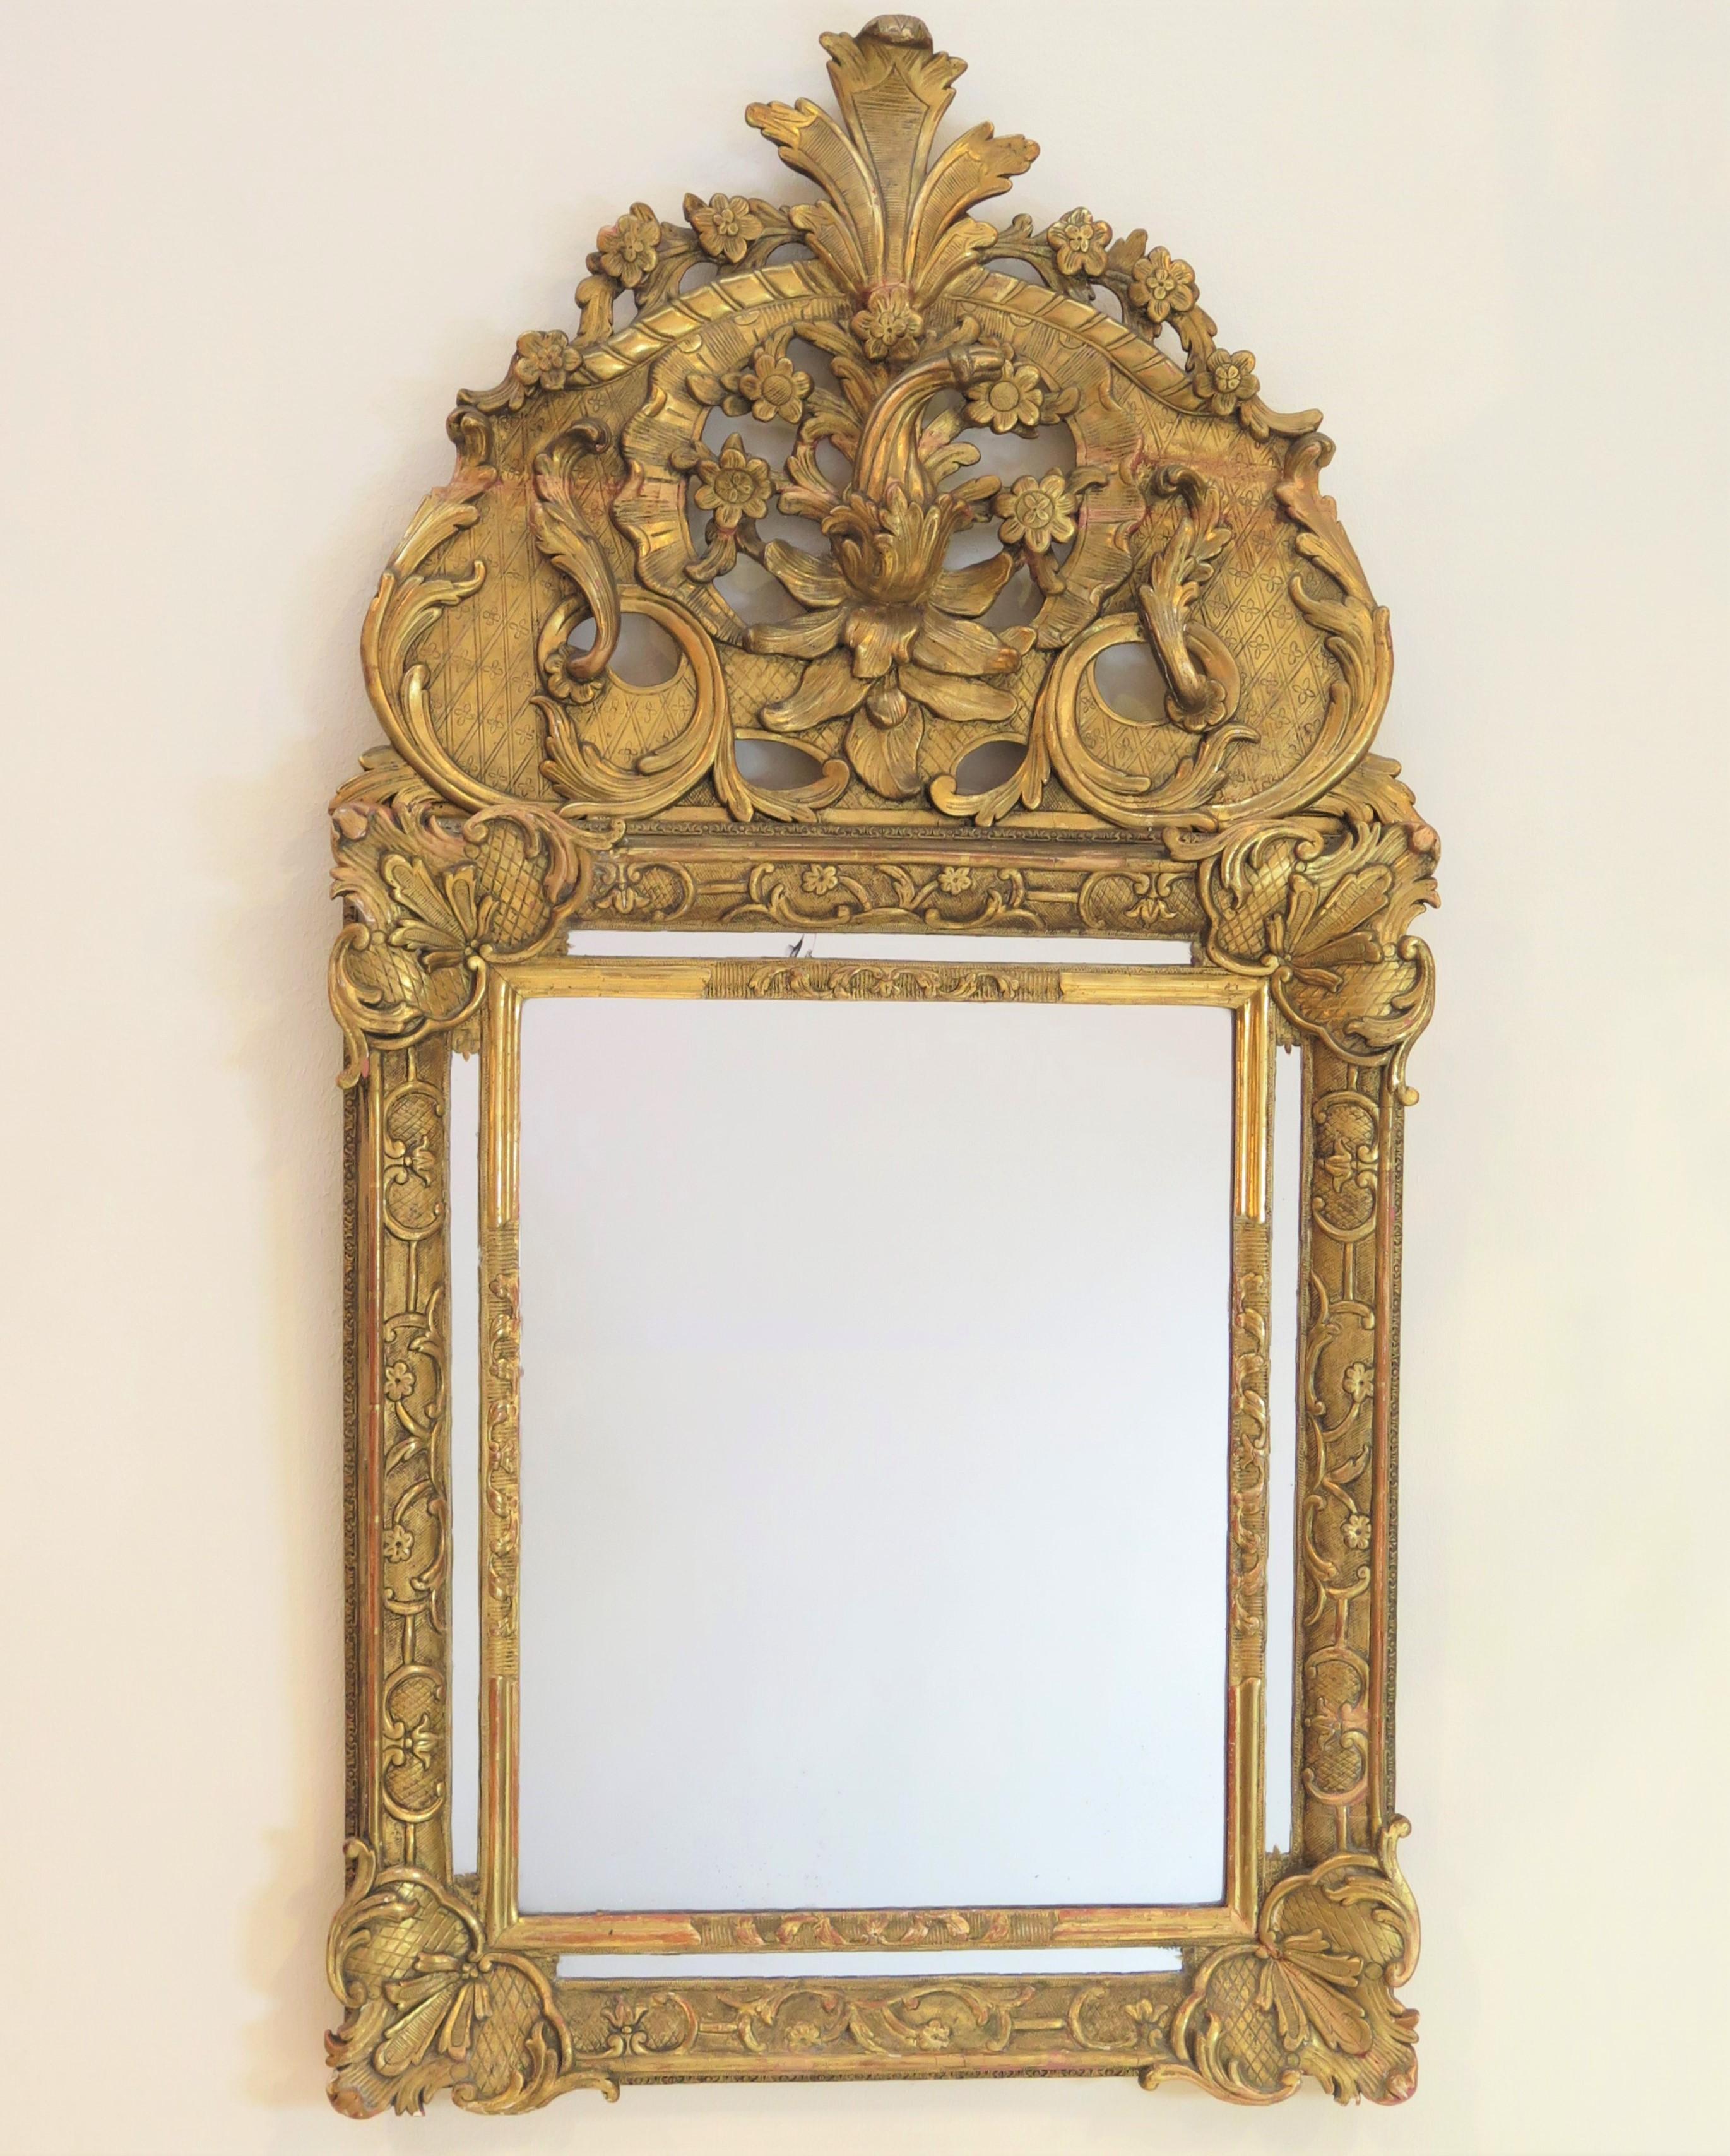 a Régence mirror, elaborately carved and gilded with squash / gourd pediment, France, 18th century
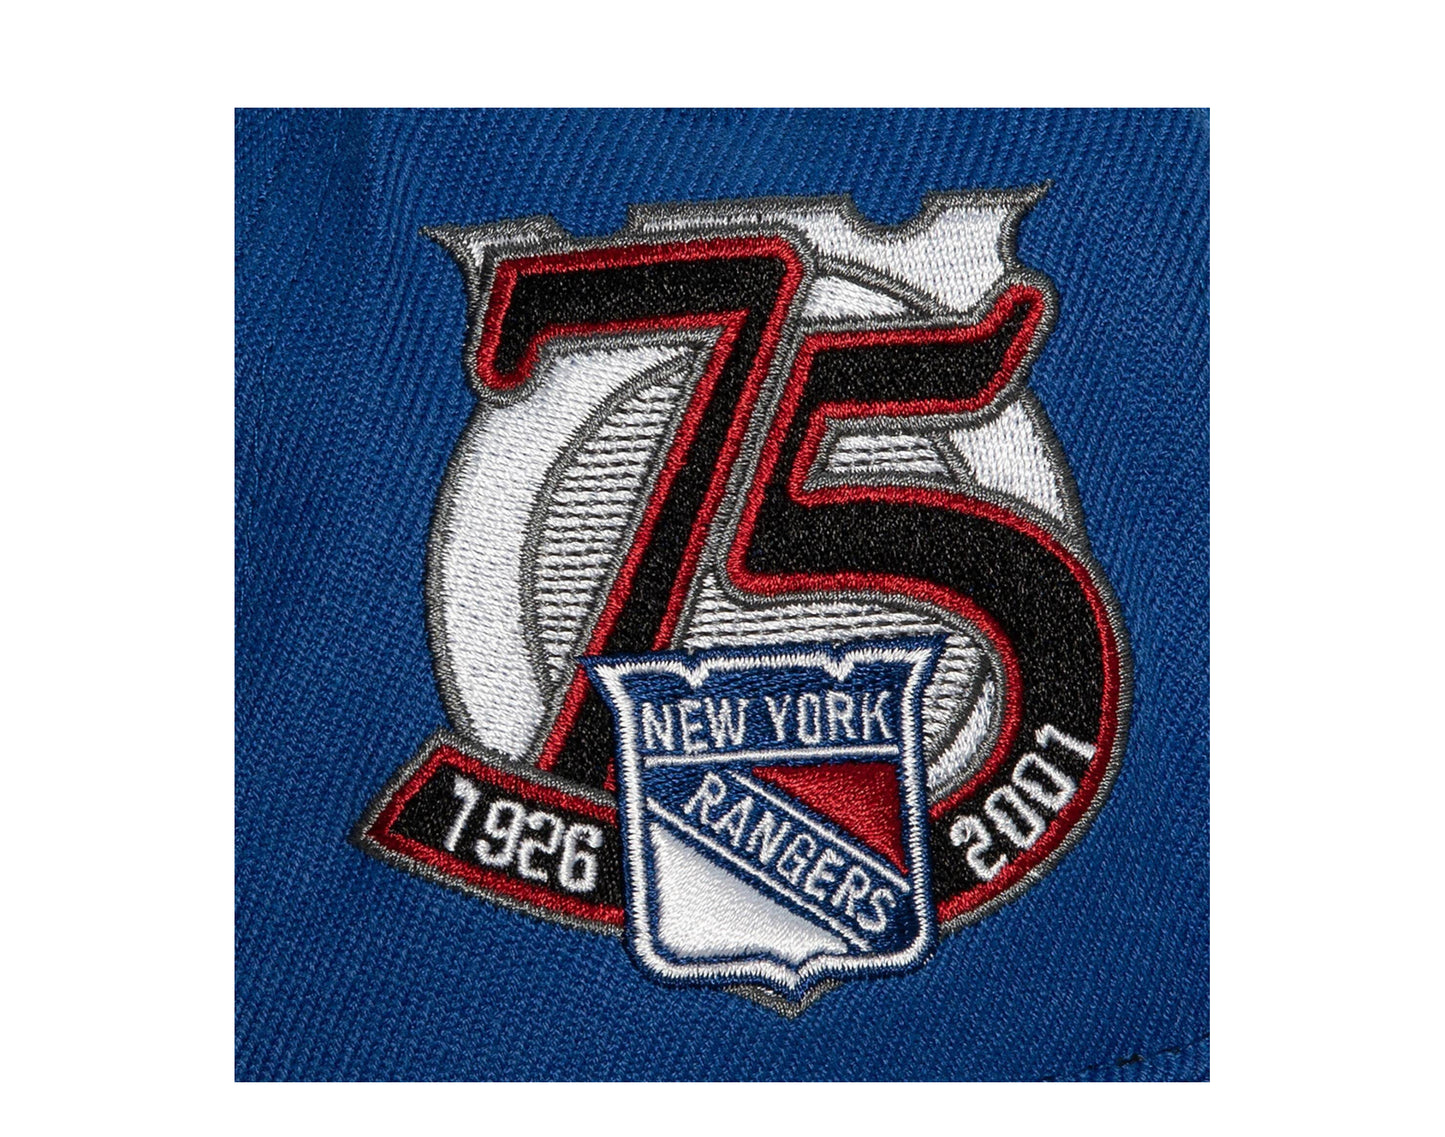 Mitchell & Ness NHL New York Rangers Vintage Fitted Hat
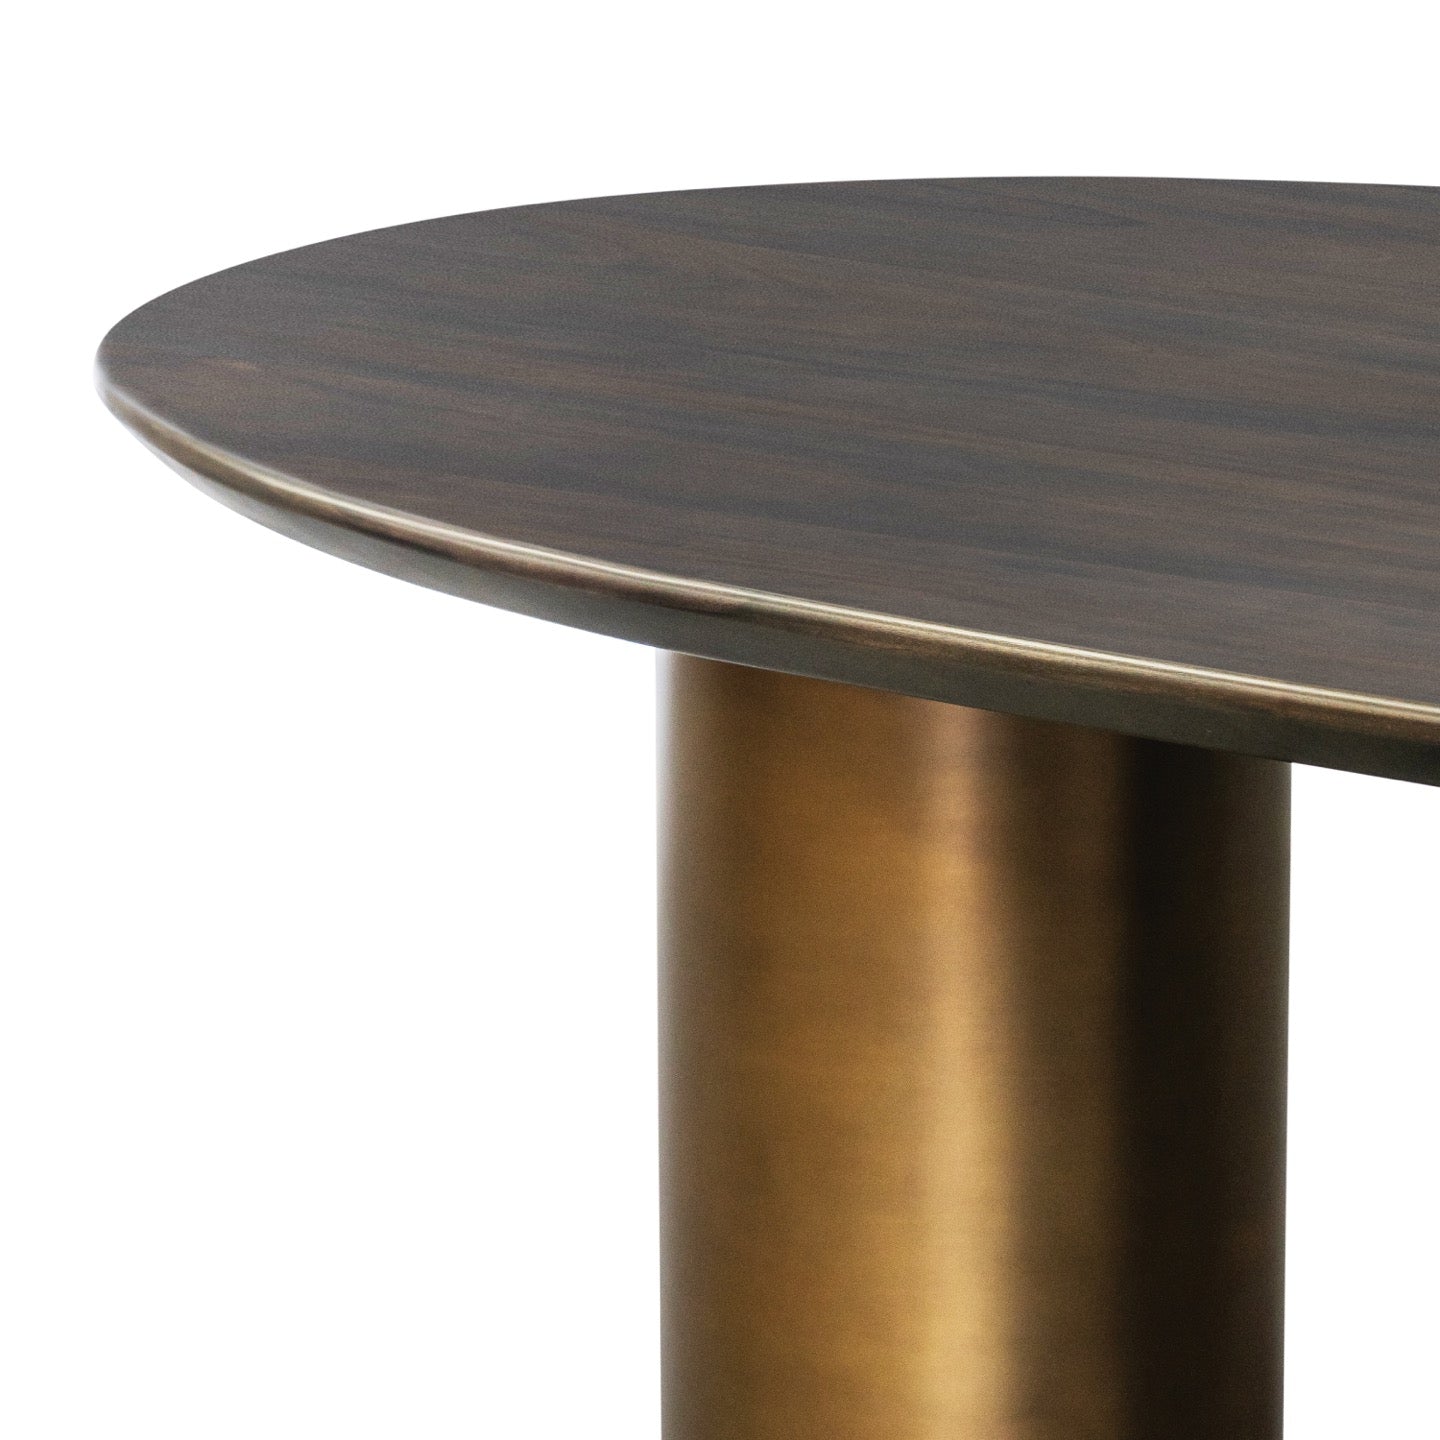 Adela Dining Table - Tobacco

• Required work:
The listing above is to be written out again exactly, with its pictures omitted.

• Answer section:
 a Régence mirror, elaborately carved and gilded with squash / gourd pediment, France, 18th century
 Mitchell & Ness NHL New York Rangers Vintage Fitted Hat
 Adela Dining Table - Tobacco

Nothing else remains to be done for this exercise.